OPPORTUNITIES AND DEVELOPMENT PROSPECTS AT MAJOR PORTS

JANUARY 2001

  1.  The Association welcomes the opportunity to submit comments to this inquiry. It is possible only to comment in general terms, given the nature of the questions asked and the tight deadline. The major ports, including the small number of municipally owned ports companies, will be members of long established port trade associations, which the Sub-Committee will no doubt also will have asked to submit comments directly on this occasion. The Association has not published any substantive policy document on the ports industry in the UK, and has not been lobbying actively on substantive ports policy issues from the local government perspective, from either an operational or environmental point of view. These comments do not include any references which reflect on the prospects of and problems caused by any specific major port development project which may have been brought to the attention of the Sub-Committee. The Sub-Committee will need to speak to local and regional interests about specific cases.

CONTRIBUTION TO THE ECONOMY OF THE UK

  2.  Major ports contribute significantly to the national and local economies, not only through direct employment in their cargo and passenger carrying activities, but also in port related manufacturing, processing, fishing, tourism, shipbuilding and other related industries. The Association is not currently in a position to estimate the contribution of ports to the economies of individual major conurbations but no doubt it is considerable and estimates will be available from other sources. For some of the longer established major ports, changes in trade and cargo patterns in recent decades have led to considerable areas of dereliction on former port estates, in some cases in the centre of urban areas. Many of these areas are being developed for more suitable alternative uses.

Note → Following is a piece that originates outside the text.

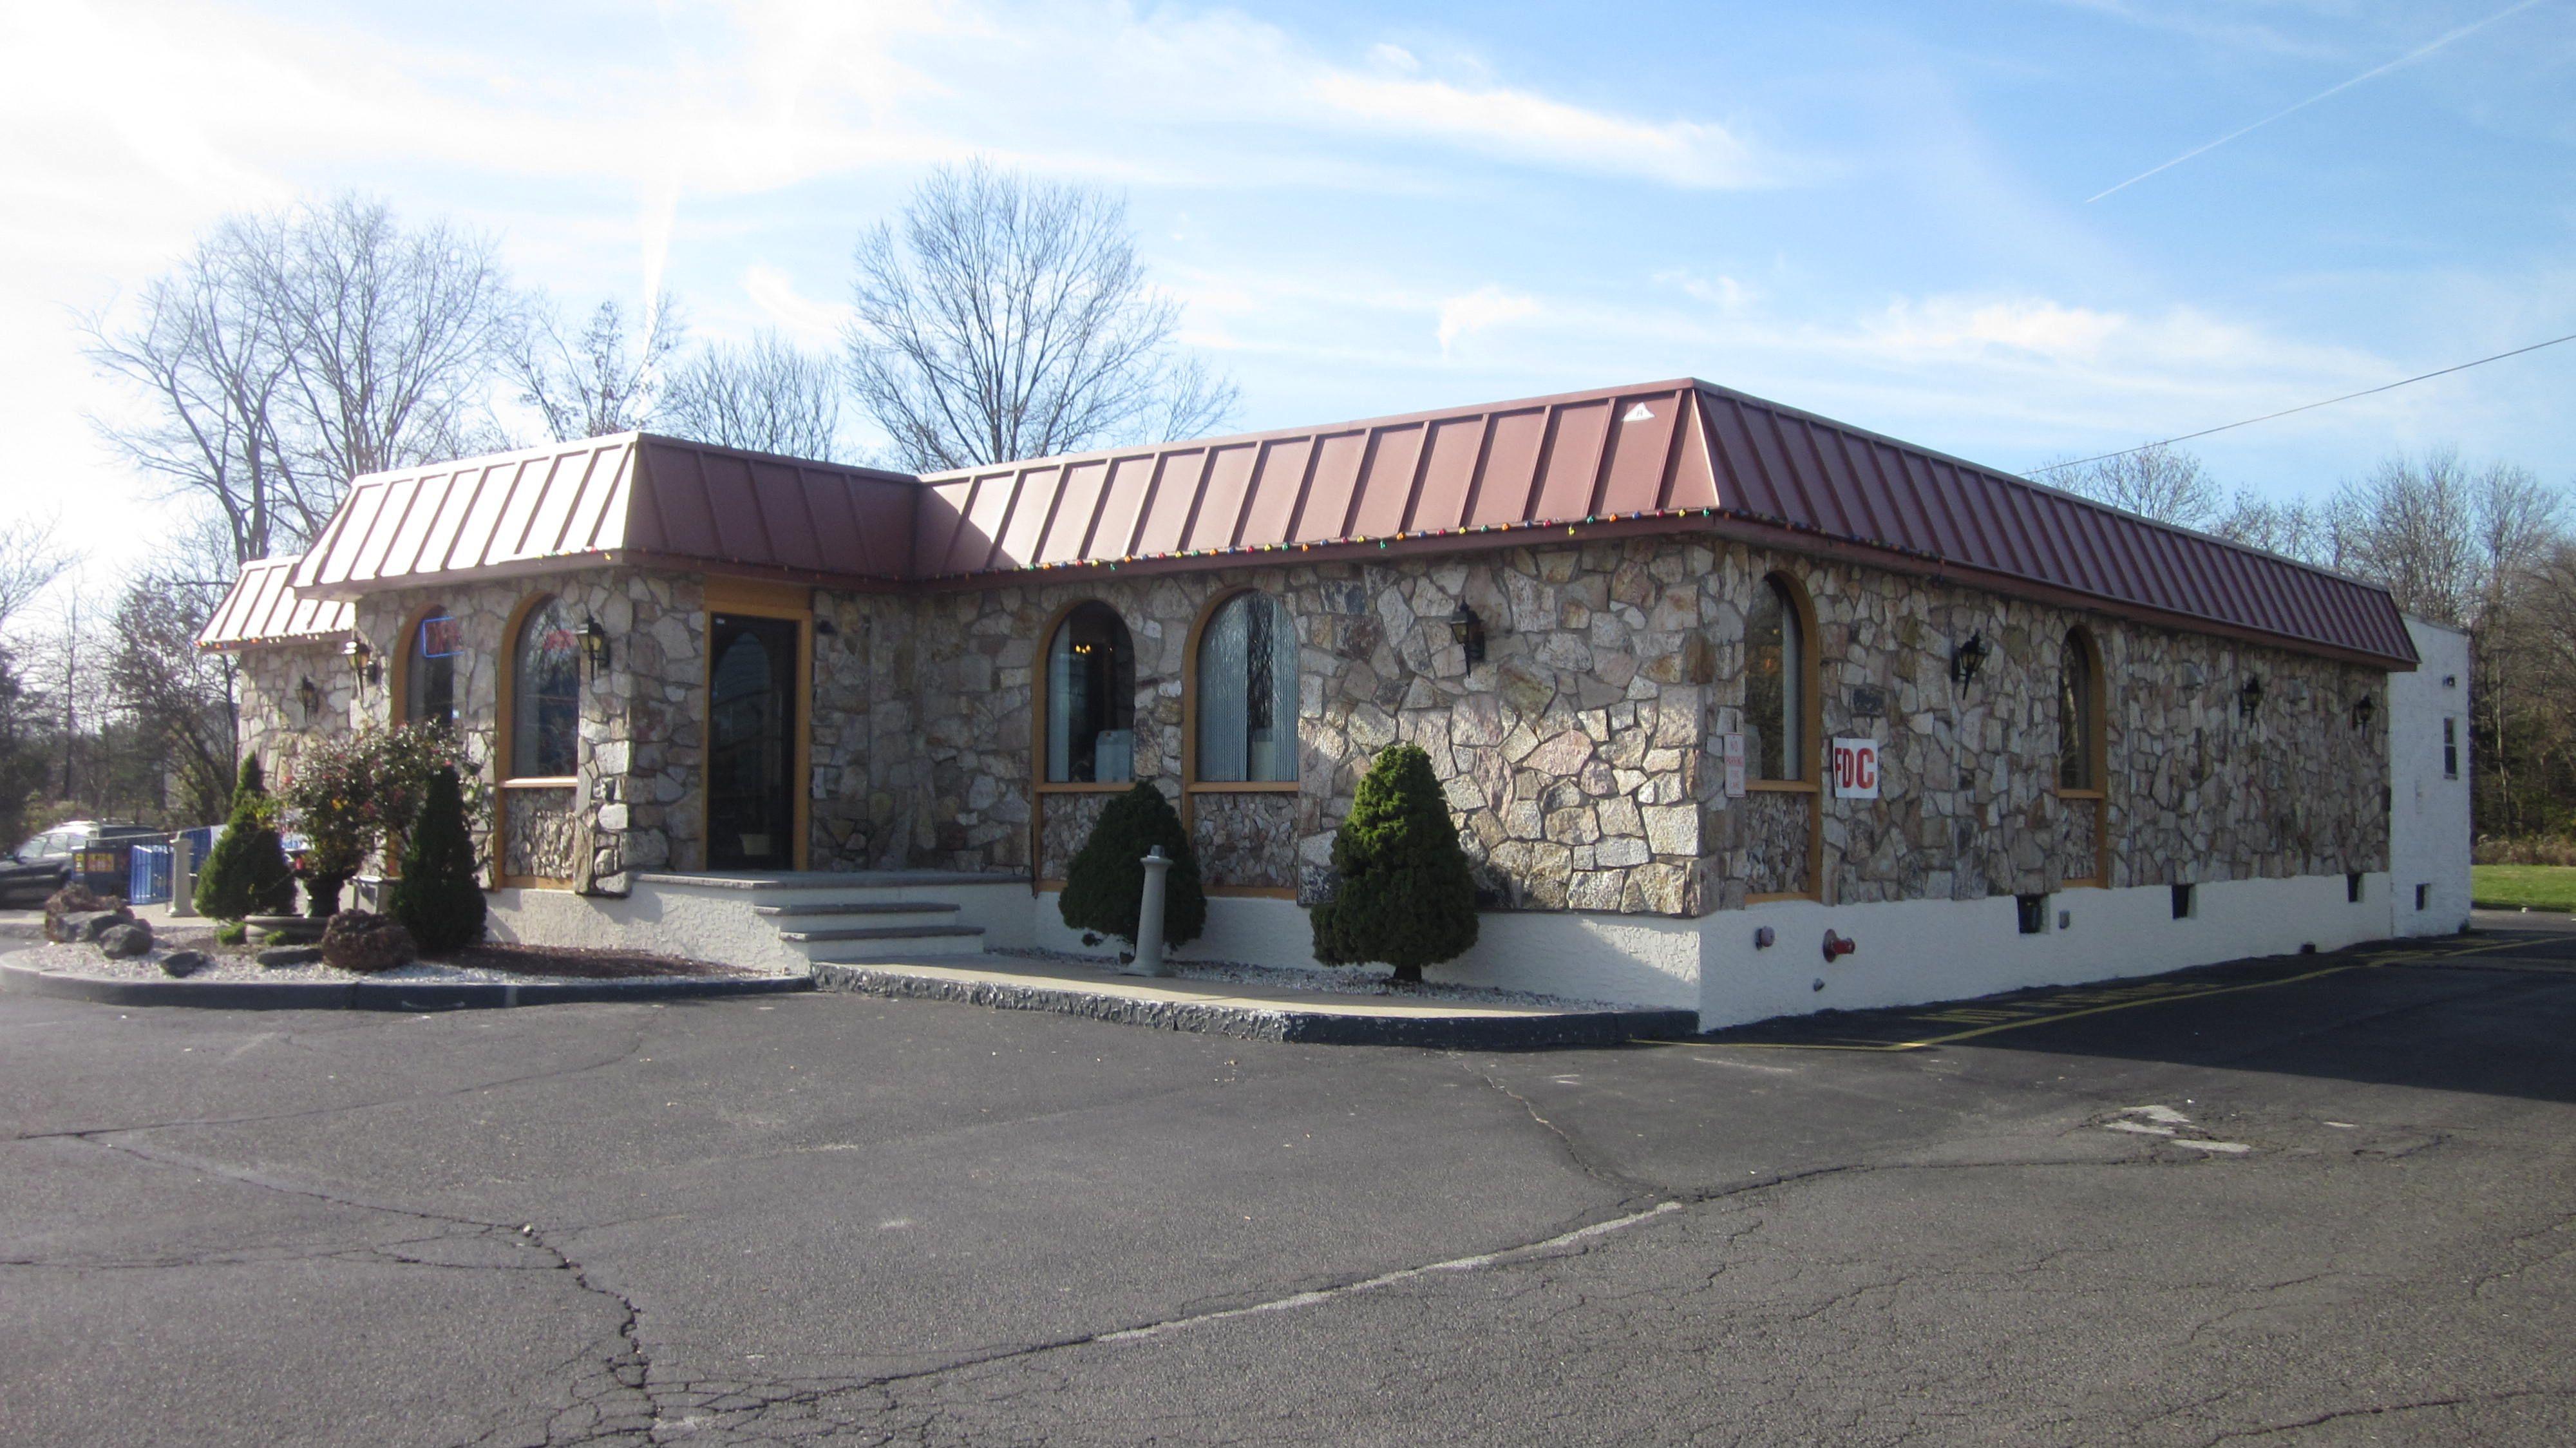 Toms River Cadillac star diner hillsborough nj | My New Jersey | Pinterest

PROBLEMS WITH CO-OPERATION, SAFETY, ENVIRONMENT AND REGULATION

  Port activities are becoming subject to a wide range of regulatory and environmental restrictions, both health and safety regulation. The former has made access to active port property more difficult and may make port operations more isolated from the local communities. The potential for pollution from port activities and waste from discharges from shipping are issues in which local authorities have a particular interest. In recent decades the balance between the regeneration of port activities and potential environmental damage caused by large port or ancillary development projects has led to closer investigation of balances between these two factors. The principles behind the Government's integrated transport policy suggest that this balancing exercise is very important when local authorities are considering their input into port developments in their Local Transport Plans (LTPs), whether through the provision of, or negotiating of road access or wider planning considerations. The guidance for LTP preparation suggests that close discussions will take place between port owners, local authorities and rail network managers. Guidance to the Strategic Rail Authority must reflect this need. The nature of modern port trades is that they require a considerable amount of land. This has increased the demand for the use of "greenfield" sites, with potential negative environmental consequences, but potentially avoiding congestion and pollution which would result from the redevelopment of cramped existing city centre sites.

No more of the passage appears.